- ABOUT THIS EXERCISE
Would you set down the data that follows, word for word, without any pictures?

- PROVIDED DATA

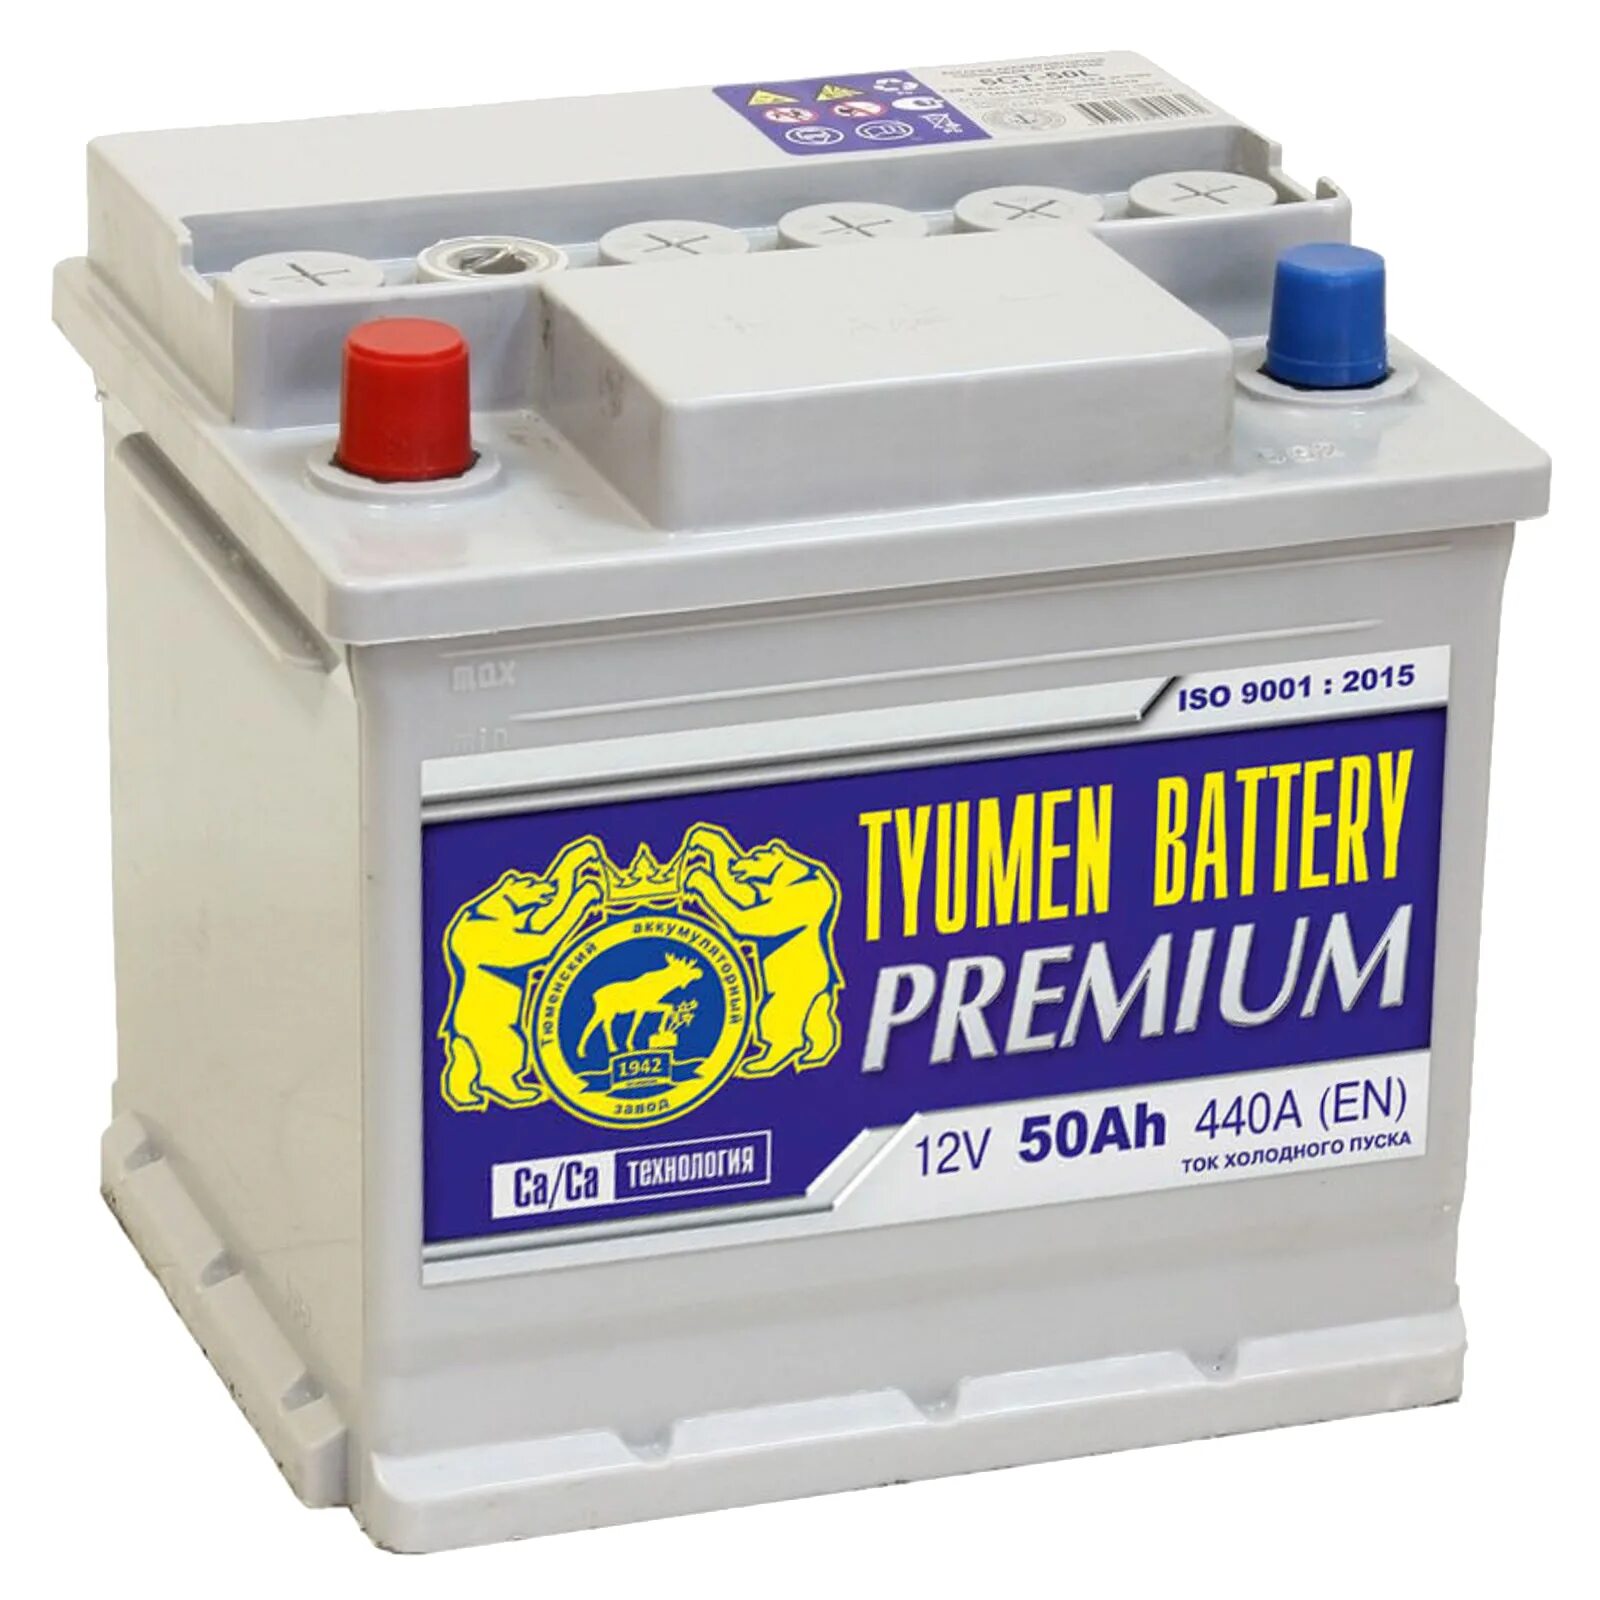 Tyumen Battery" Premium 145 Ач. Аккумулятор Tyumen Battery Premium. 6ст-50l Premium. АКБ Тyumen Battery Premium 6ст-50.1l. В автомобильных аккумуляторах название вещества
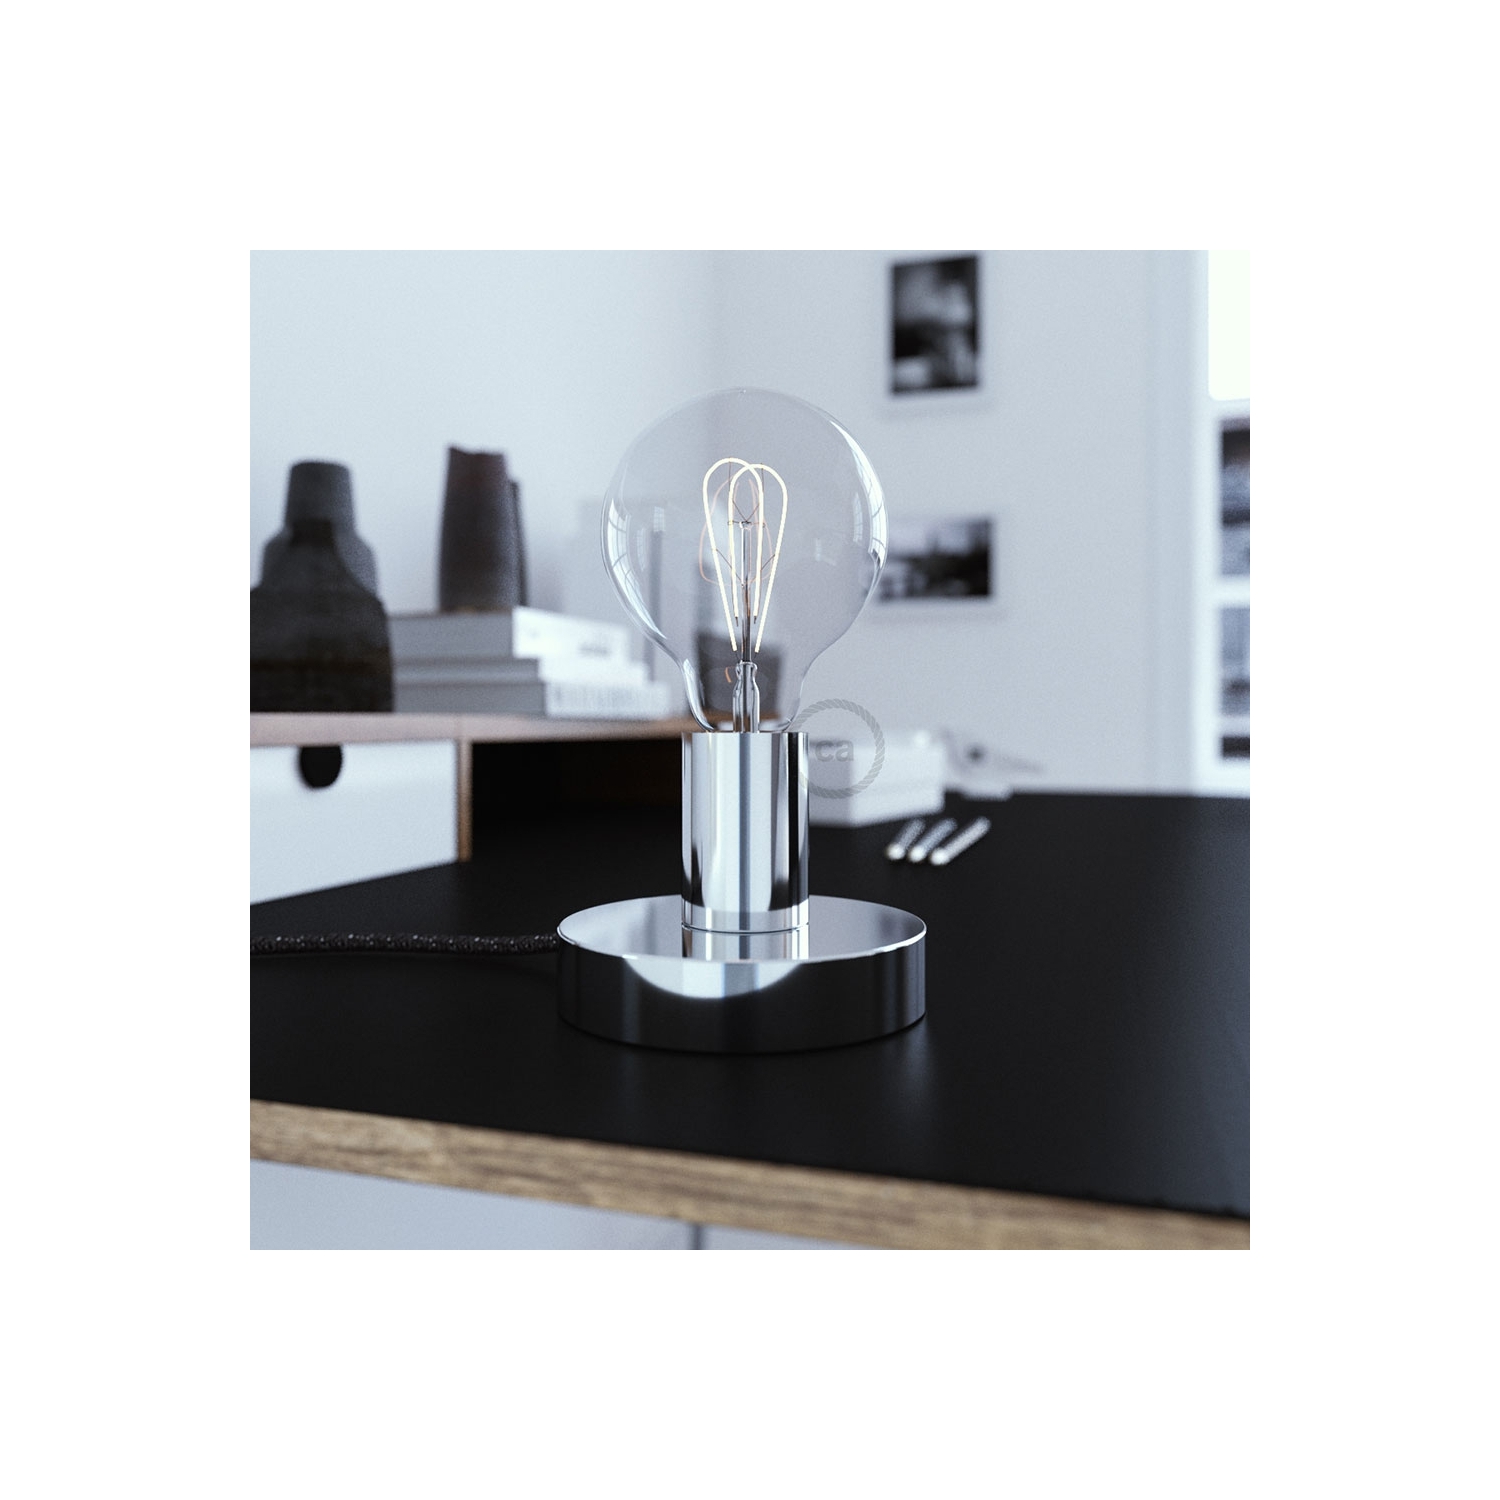 The Posaluce | Chrome Metal Table Lamp
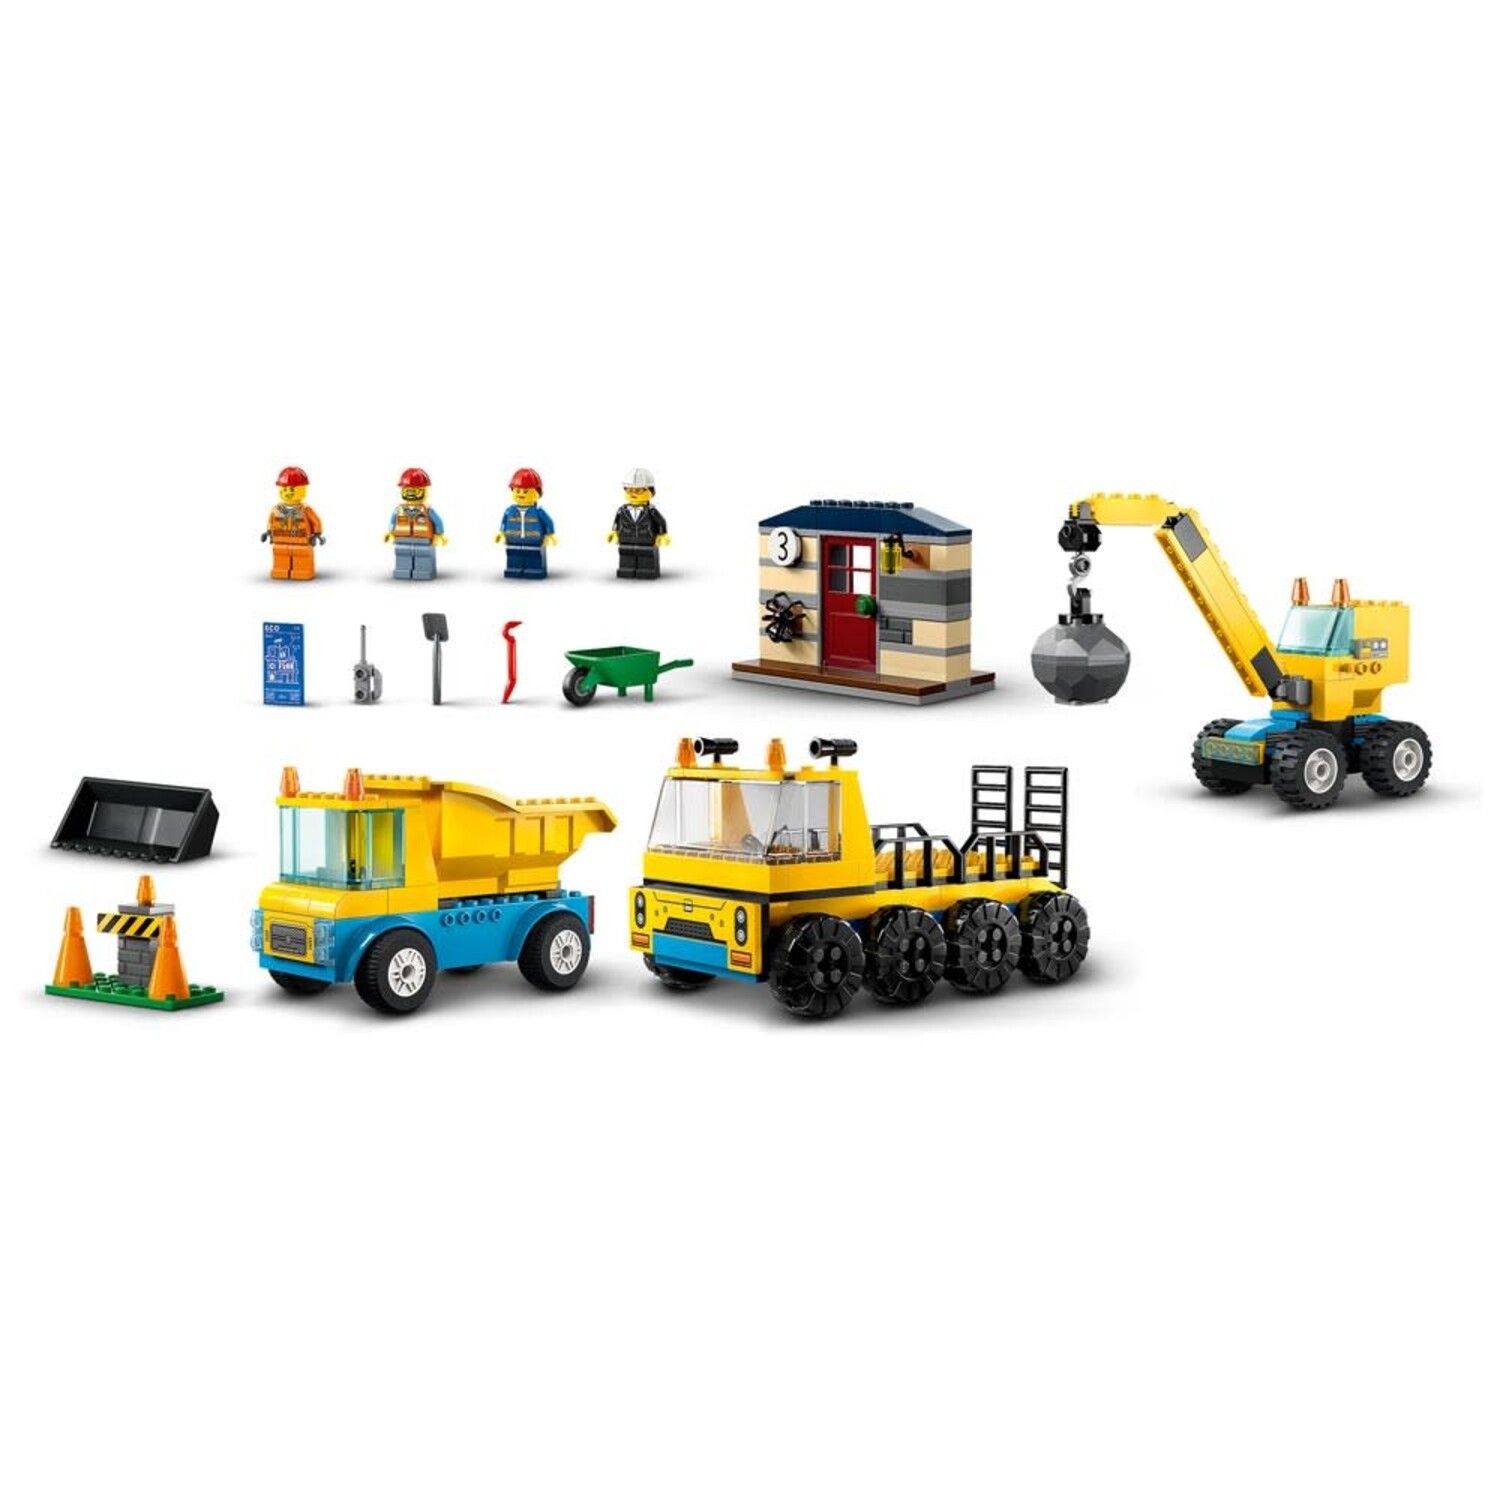 Construction Trucks and Wrecking Ball Crane LEGO City - Mudpuddles

- TASK SOLUTION
 Tyumen Battery" Premium 145 Ач. Аккумулятор Tyumen Battery Premium. 6ст-50l Premium. АКБ Тyumen Battery Premium 6ст-50.1l. В автомобильных аккумуляторах название вещества
 The Posaluce | Chrome Metal Table Lamp
 Construction Trucks and Wrecking Ball Crane LEGO City - Mudpuddles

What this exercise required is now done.